Ryan Adams finalmente lança álbum engavetado
Ryan Adams – Blackhole
35′, 11 faixas
(Pax Am)
Não adianta, Ryan Adams tem a manha. O cara segue como um dos mais talentosos artesãos sonoros do rock americano do século 21. Está tudo lá. A influência de Neil Young, a admiração pelas sonoridades de Morrissey & Marr, a poesia americana, urbana e desencantada, a capacidade de criar melodias perfeitas e, além disso tudo, uma urgência/necessidade de se expressar através da música que beira a obsessão. Desde que criou seu selo Pax Am, Ryan produz incessantemente e consegue lançar grande parte do que faz. São torrentes de álbuns temáticos, discos de covers, singles, EPs, edições comemorativas e tudo isso estabelece uma relação muito próxima com os fãs que o acompanham desde os tempos do Whiskeytown. Atualmente ele está em turnê comemorativa de seu primeiro disco solo, “Heartbreaker” e, até alguns meses atrás, vinha se apresentando regularmente pelos Estados Unidos e Inglaterra para sua horda de admiradores devotados e fiéis. E é para essa galera que ele lança agora este ótimo “Blackhole”, um feixe de canções compostas entre 2003 e 2006, que foram arquivadas gradualmente à medida em que sua relação com a gravadora Lost Highway ia se deteriorando. Agora, quase vinte anos depois, temos essas onze canções em versões oficiais e lançadas do jeito que deveriam. Quer dizer, quase isso.

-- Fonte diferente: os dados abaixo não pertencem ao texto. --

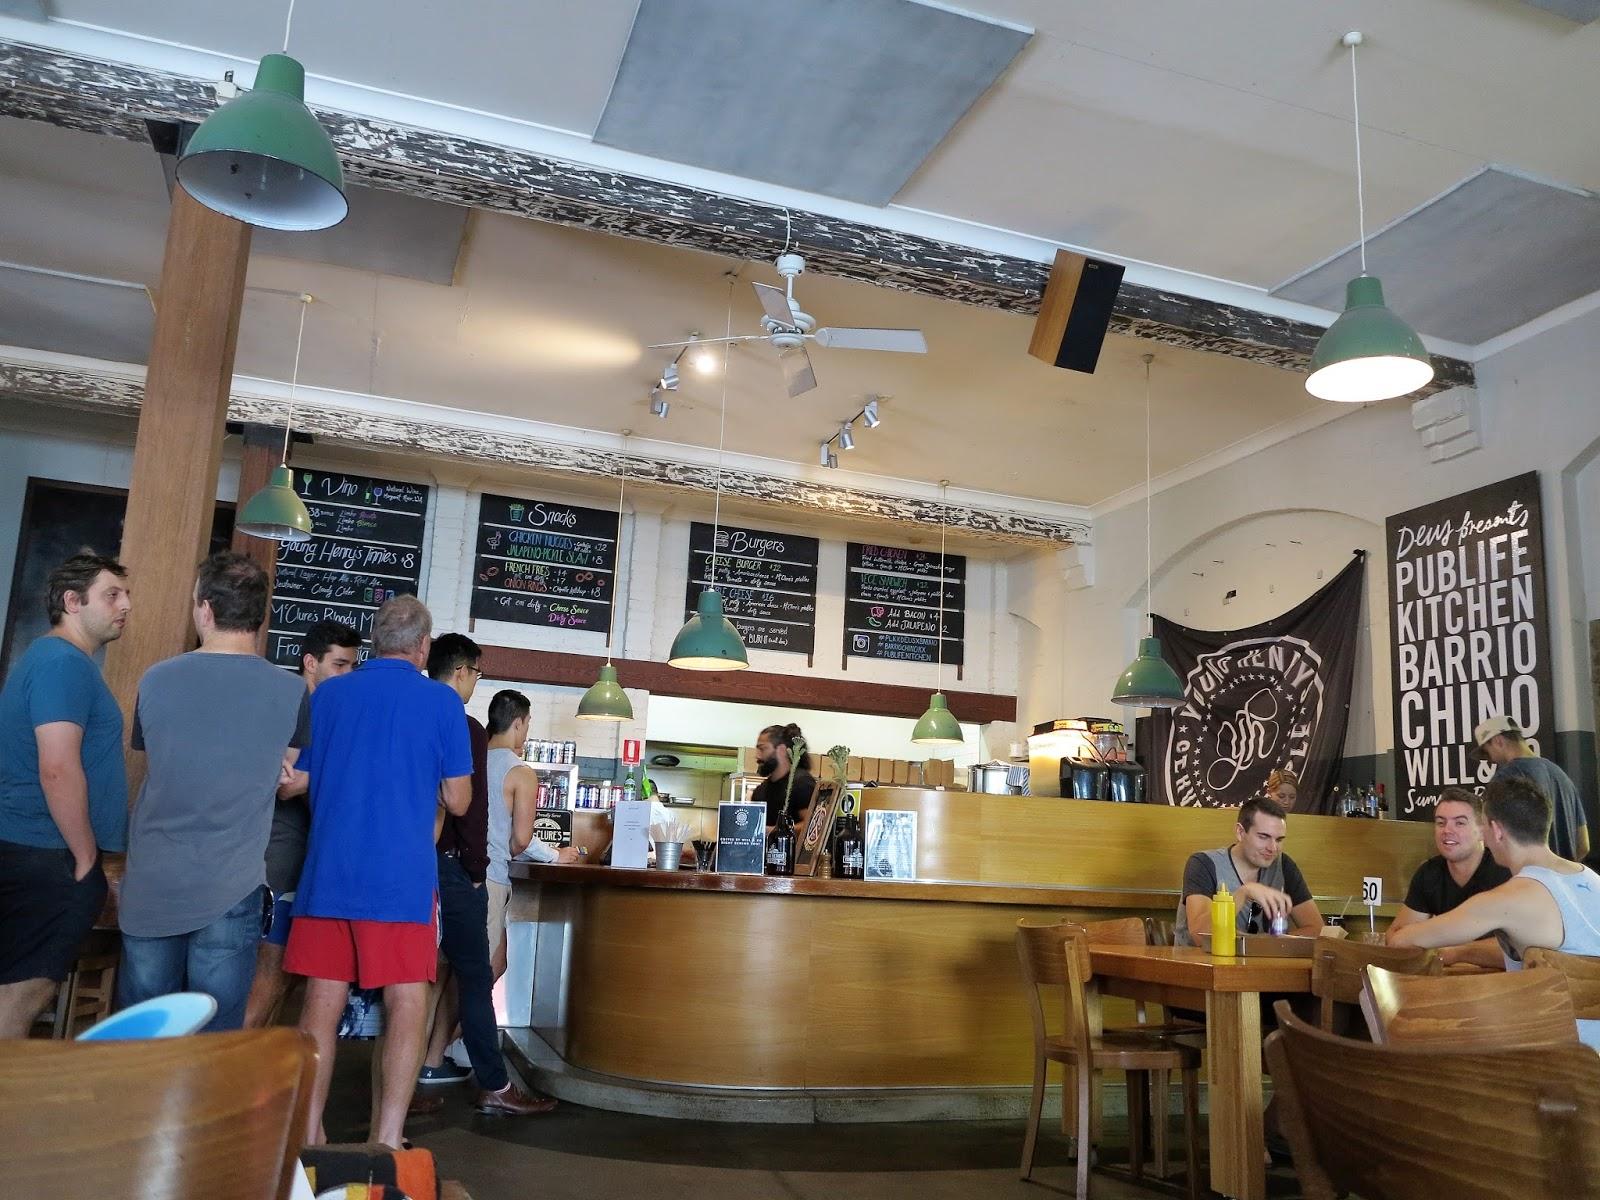 Pub Life Kitchen x Barrio Cellar Burger Pop Up Deus Cafe
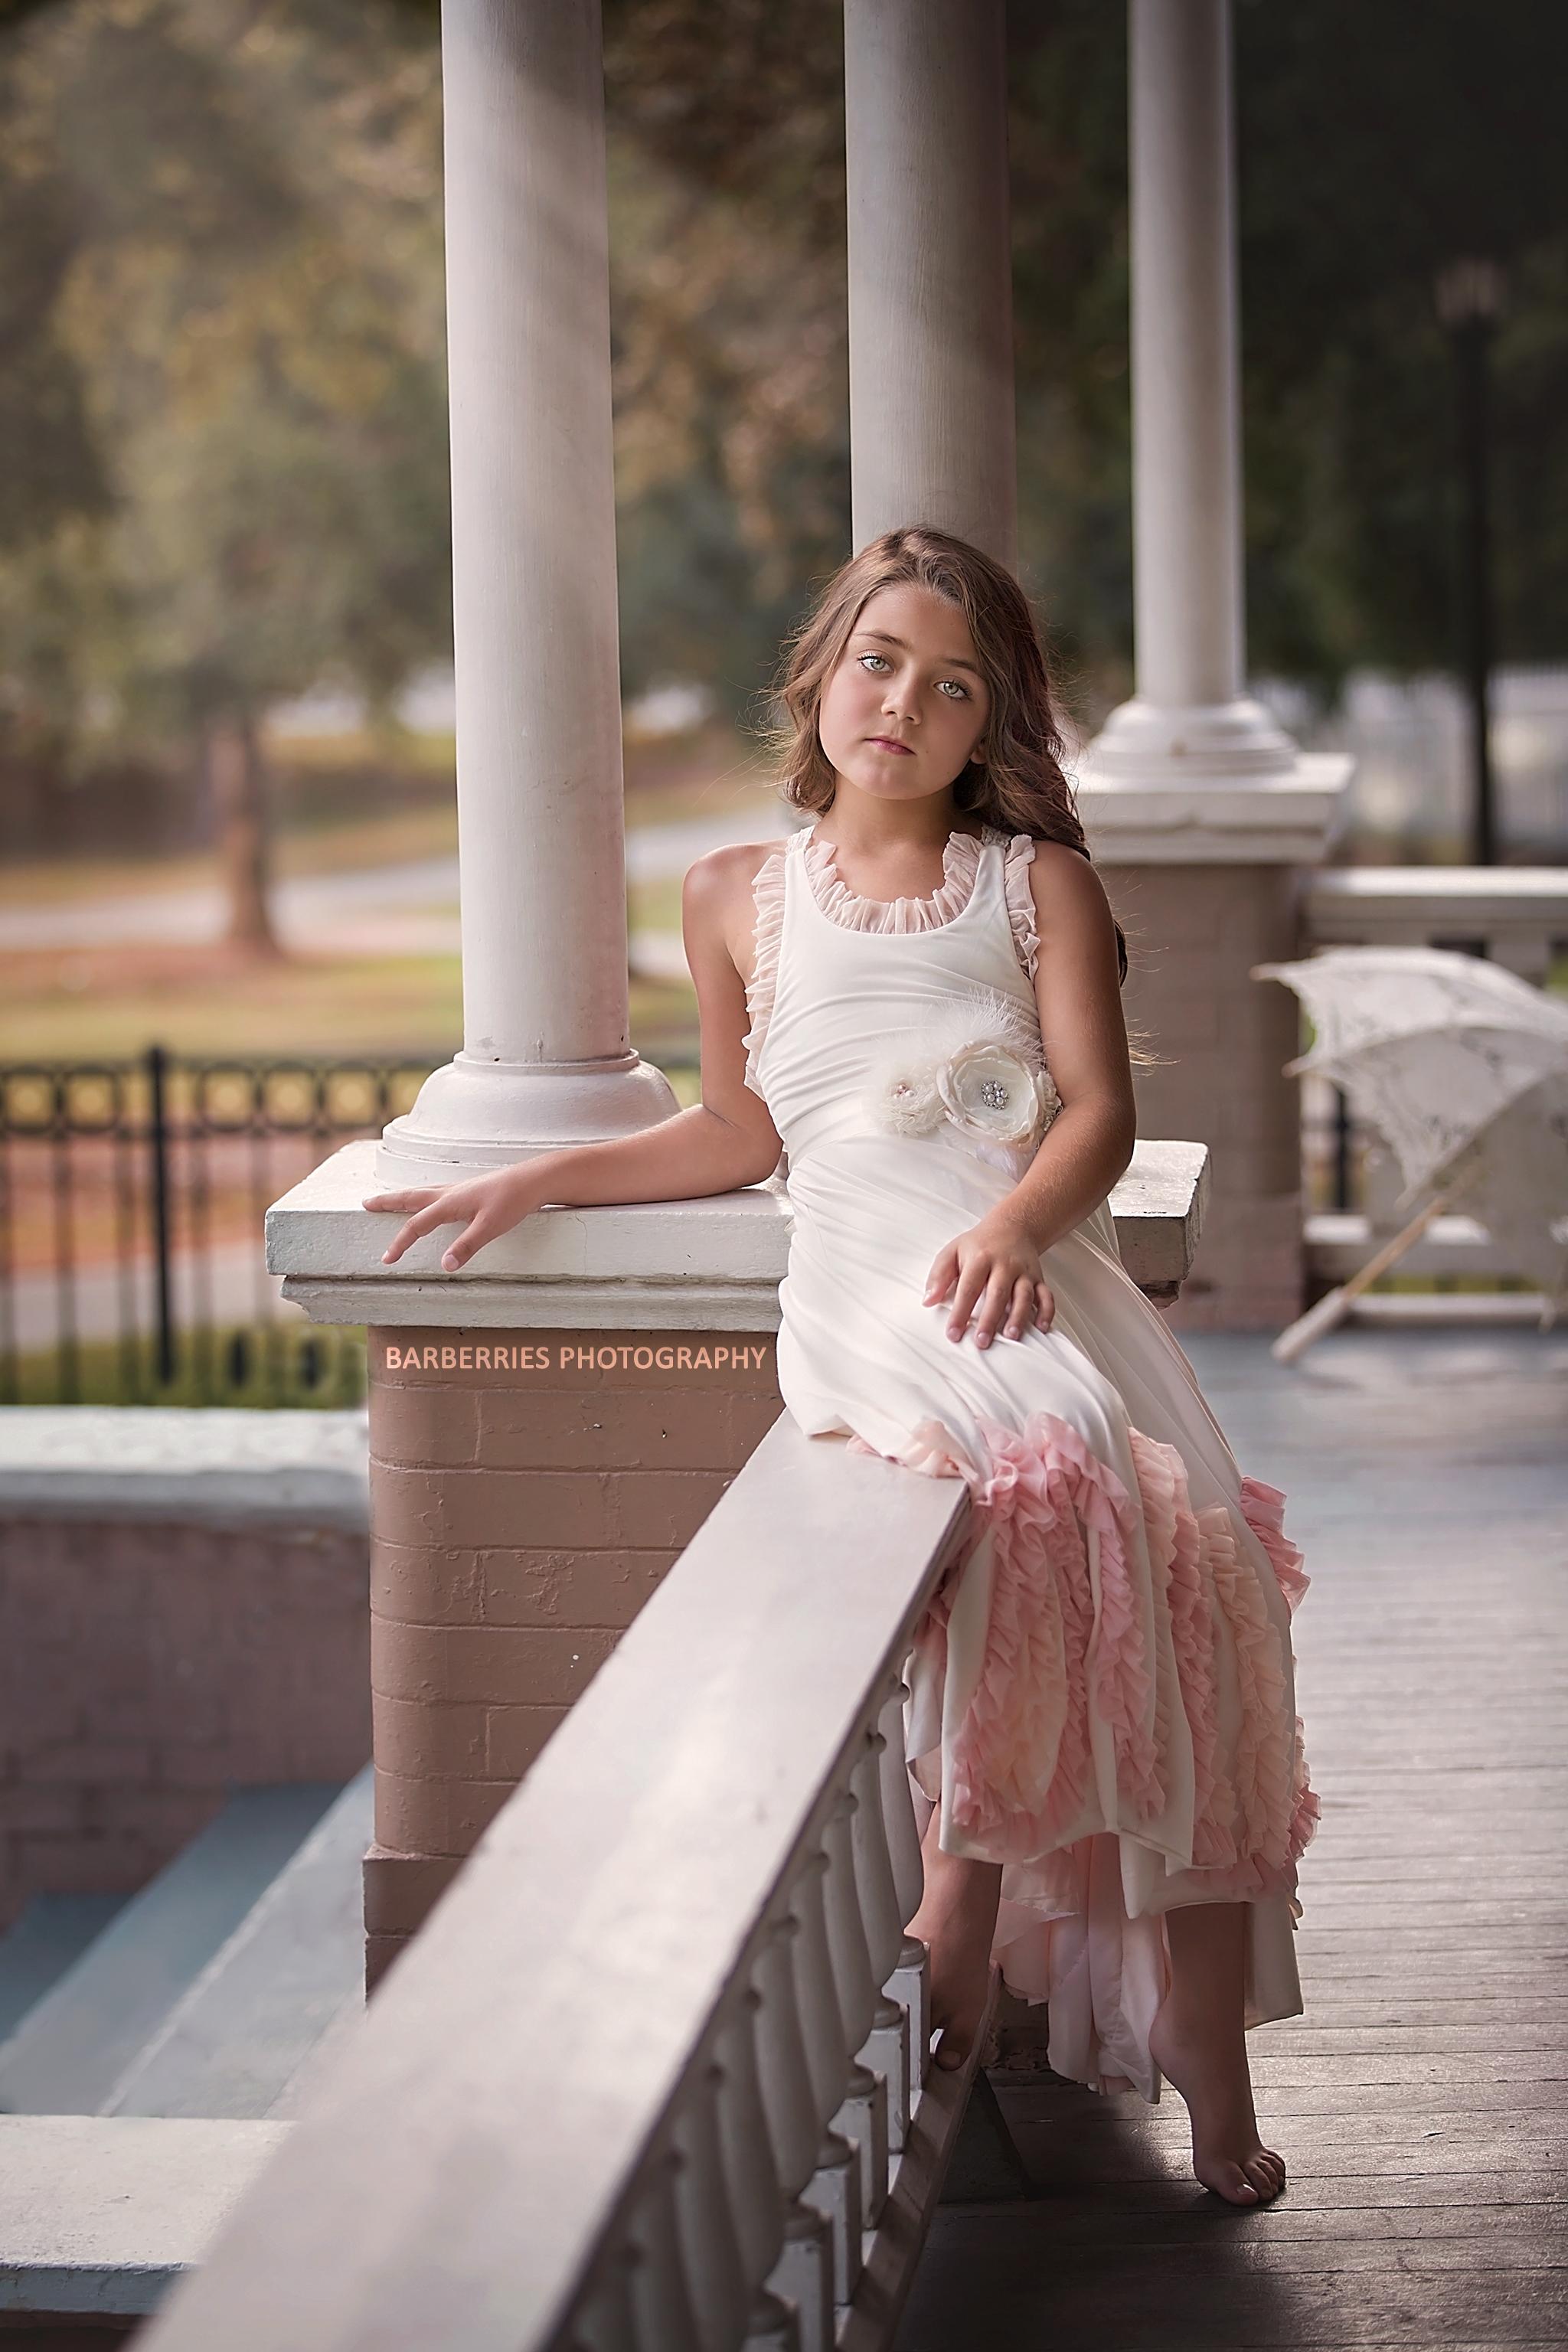 houston-child-fashion-photographer-frilly-frocks.jpg

O “quase” está na questão do nível da mixagem, que é péssimo. A sonoridade é além do comprimido, realmente aguda e, se não estivéssemos falando de ótimas canções, “Blackhole” seria igual ao seu título. Mas, ao contrário, a lindeza e a urgência dessas faixas compensam a irritação sonora e, mais que isso, dá um “twist” de excentricidade ao lançamento e à própria empreitada em si. Sim, porque, desde que anunciou que soltaria finalmente o álbum, os fóruns de debates e troca de informações entre fãs em plataformas, como o Reddit, não falam de outra coisa. Adams é esperto e nerd de música, sabe muito bem o ti-ti-ti que este tipo de lançamento pode causar em colecionadores contumazes. Olhando nesses fóruns a gente acha pessoas que acompanham todos os shows do sujeito, mapeiam seus perfis nas redes sociais, enfim, gente que praticamente depende dele para refletir, ouvir música e, a partir disso, pensar a vida. Parece exagero, mas, antes do lançamento, já havia gente que tinha detectado quais faixas já haviam surgido em versões alternativas, ao vivo, com pequenos trechos citados num ou noutro perfil, ou seja, um verdadeiro time de detetives/stalkers enlouquecidos e devotados.
Poderia – e de certa forma, é – ser estranho, mas este tipo de fã é próprio da mitologia do rock e dos lançamentos físicos desde muito tempo. Pode ser que as redes sociais tenham amplificado sua ação, mas eles estão aí desde o início da coisa. O conteúdo de “Blackhole”, como dissemos, felizmente é ótimo. São faixas que herdaram um pouco da urgência e da confusão de álbuns como “Rock’n’Roll” e “Easy Tiger”, que Ryan lançou entre 2003 e 2006, os quais, segundo ele, envelheceram mal. Adams alega em entrevistas, que este foi o “último período que viveu sob o efeito de drogas”, algo que se refletiu, segundo ele mesmo, na qualidade ruim das letras. É curioso pensar que, em outro feixe de canções produzidas, mais ou menos, no mesmo momento, tenha uma carga tão diferente. É o caso de “Blackhole”, cujas canções, além de melhorarem, de fato, em termos líricos, conservam essa pegada roqueira que se comunica ainda com o fim do Whiskeytown e com o início da carreira solo de Adams, marcado pelos ótimos “Heartbreaker” (2000) e “Gold” (2001).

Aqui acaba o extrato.